# Lucid Dreaming > Attaining Lucidity > Dream Signs and Recall >  >  dream of an ex bf  getting married in my dream

## liberty1963

I used to dream of my ex all the time of him or I searching for each other..... We broke up in 2008. I have not heard, talked, or emailed him since 2008. We live in two separate states. We dated from 2006-2008. And from 1998-2001. I'm dating a guy now.
I had a dream that my ex bf was getting married in my dream.
My dream was in a building and there were so many people. 
I was looking for him and I found him with women in a wedding dress.
I did not see her face just back of her. He turned and looked at me. I yelled "NOOOOO" and ran crying in tears. Then he was following me as I ran out of building. He was looking for me but I  just continue to run and cry. Then I woke up from my dream. I remember every detail of it. Its been weeks since that dream and I remember it so clear. When I woke up from my dream.... I felt very sad.
Since my dream of him getting married.....all my dreams of him stopped...stopped. 
 I hate it. 
Any suggestions?

----------


## theCambino

As cliché as it sounds, there are dreams that will make you sad or disappointed and then there are those ones that make you happy or grateful. And _personally_, you'd have more grim or disappointing dreams when you're stressed over something during waking life [especially during finals week].

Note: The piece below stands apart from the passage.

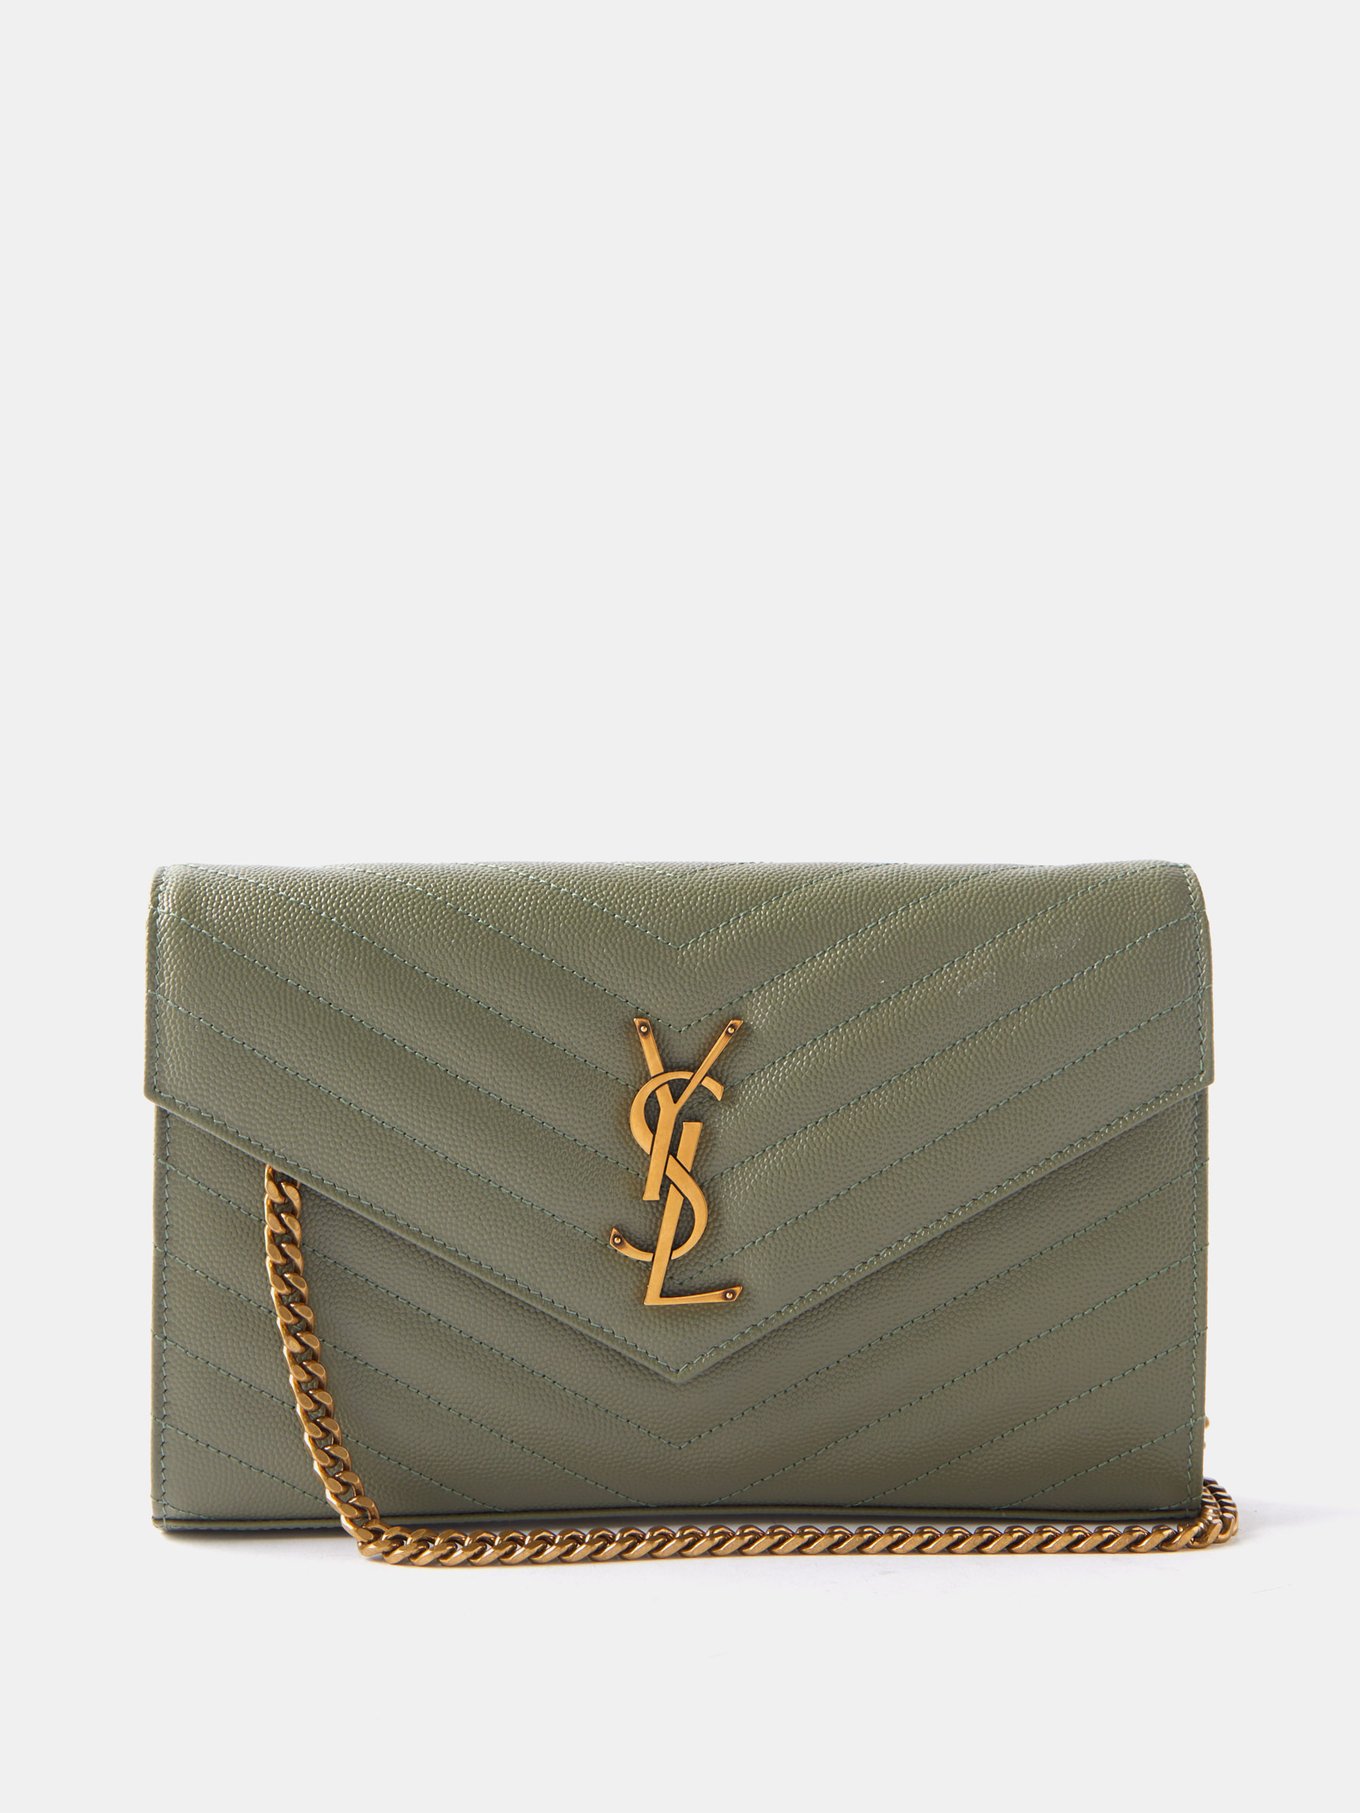 SAINT LAURENT Monogramme quilted leather pouch

Although, for what it's worth...
www.dreamviews.com/132259/





> You can fool yourself in a LD. You can do whatever you believe you can do in a LD and some people would claim killing DC's is horrible since you're killing a part of yourself. I don't believe that. I think it's more of a question of morality. I wouldn't go around killing DC's just for the fun of it. Even dreams in which I decide to be evil and try out some powers I kinda feel bad afterwards. I've been a vampire a few times and it's pretty awesome though. 
> 
> If you believe that a particular DC, say a friend you often meet in your LD's, will die and never come back in your dreams then there's a chance he/she might not. Most likely however they'll turn up sooner or later. It's all about what you believe



to reiterate...





> They are figments of your imagination. No big deal.

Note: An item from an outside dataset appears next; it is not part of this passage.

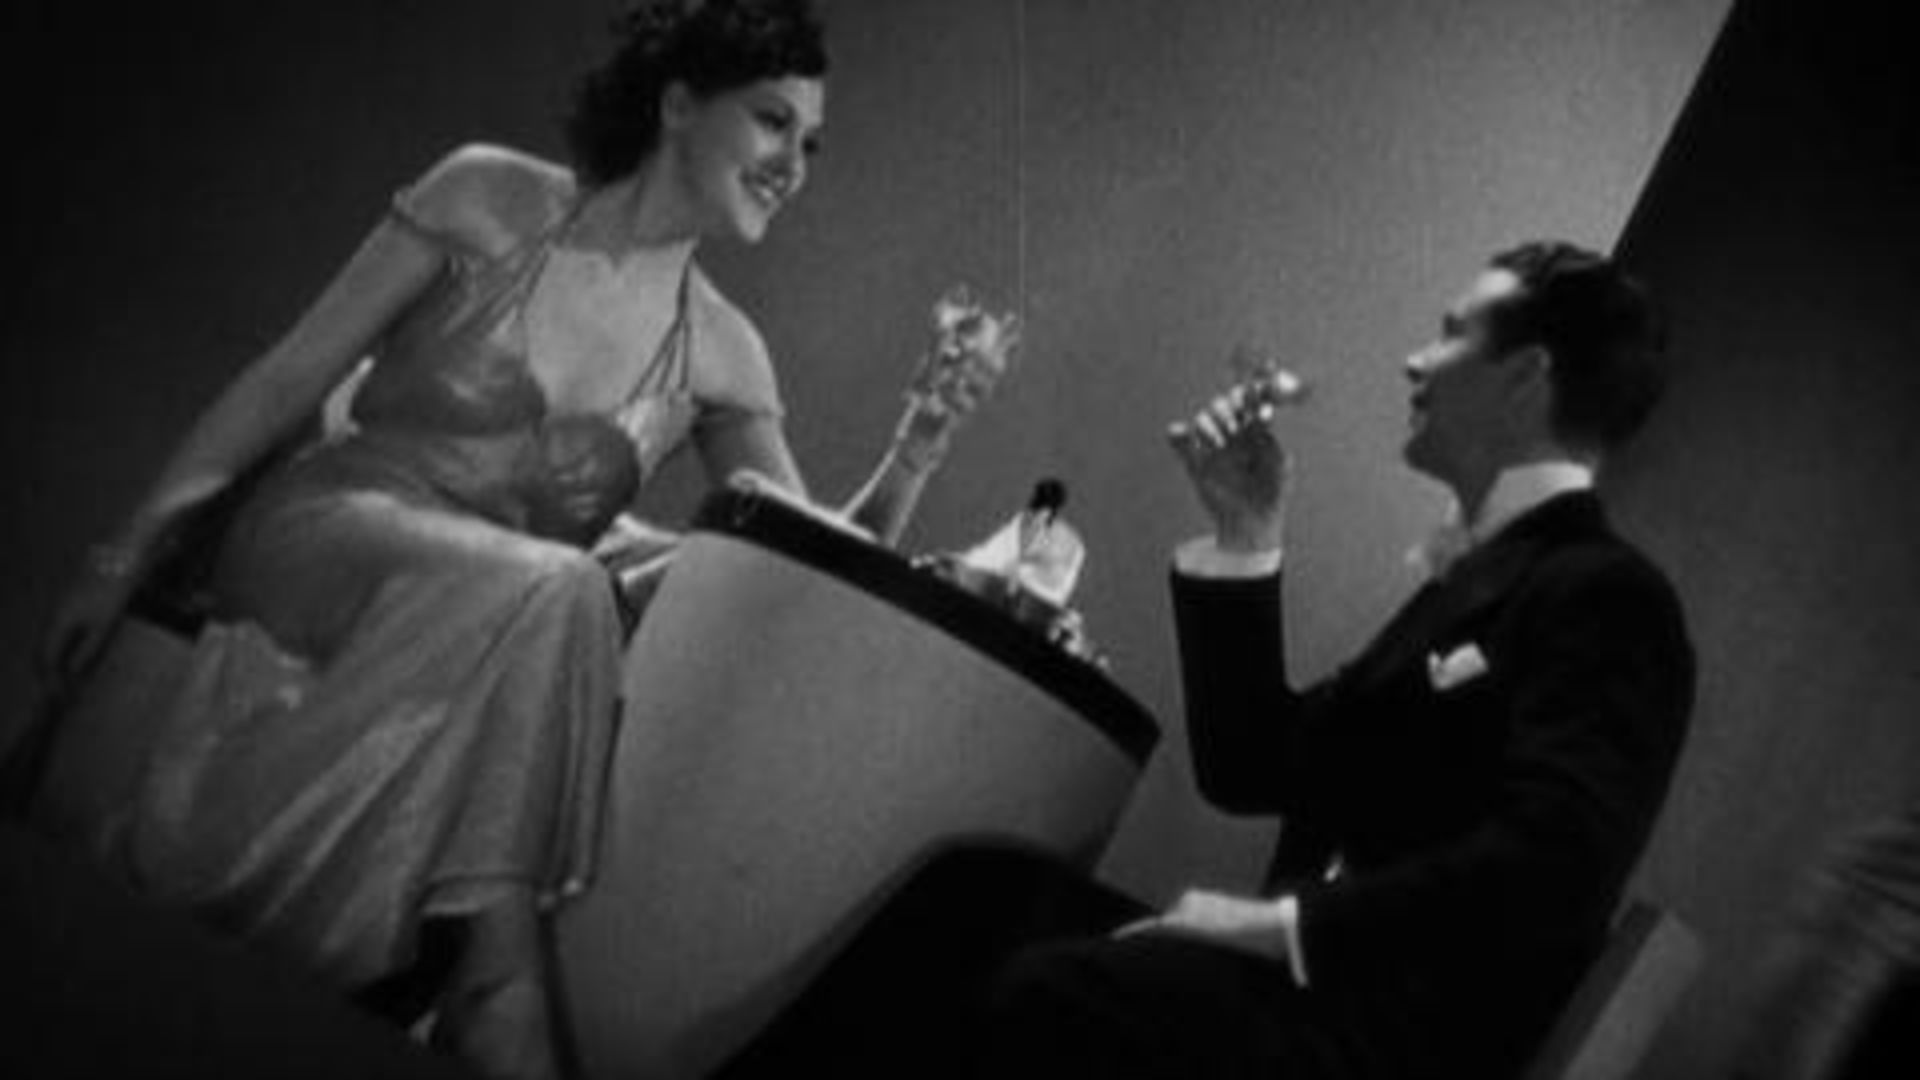 Gold Diggers of 1935 (1935) - Part 2 of Lullaby of Broadway

DCs will come and go. Just believe. And maybe not dwell too much on non-lucids?

----------


## Livtoniac

You want to continue dreaming about your ex? Look at your photos together, think of your time together, etc...

----------


## isthisit

> Since my dream of him getting married.....all my dreams of him stopped...stopped. 
>  I hate it. 
> Any suggestions?




I take it you still wanted him and thats why you liked dreaming of him? Maybe your mind did this on purpose so you can finally move on?

----------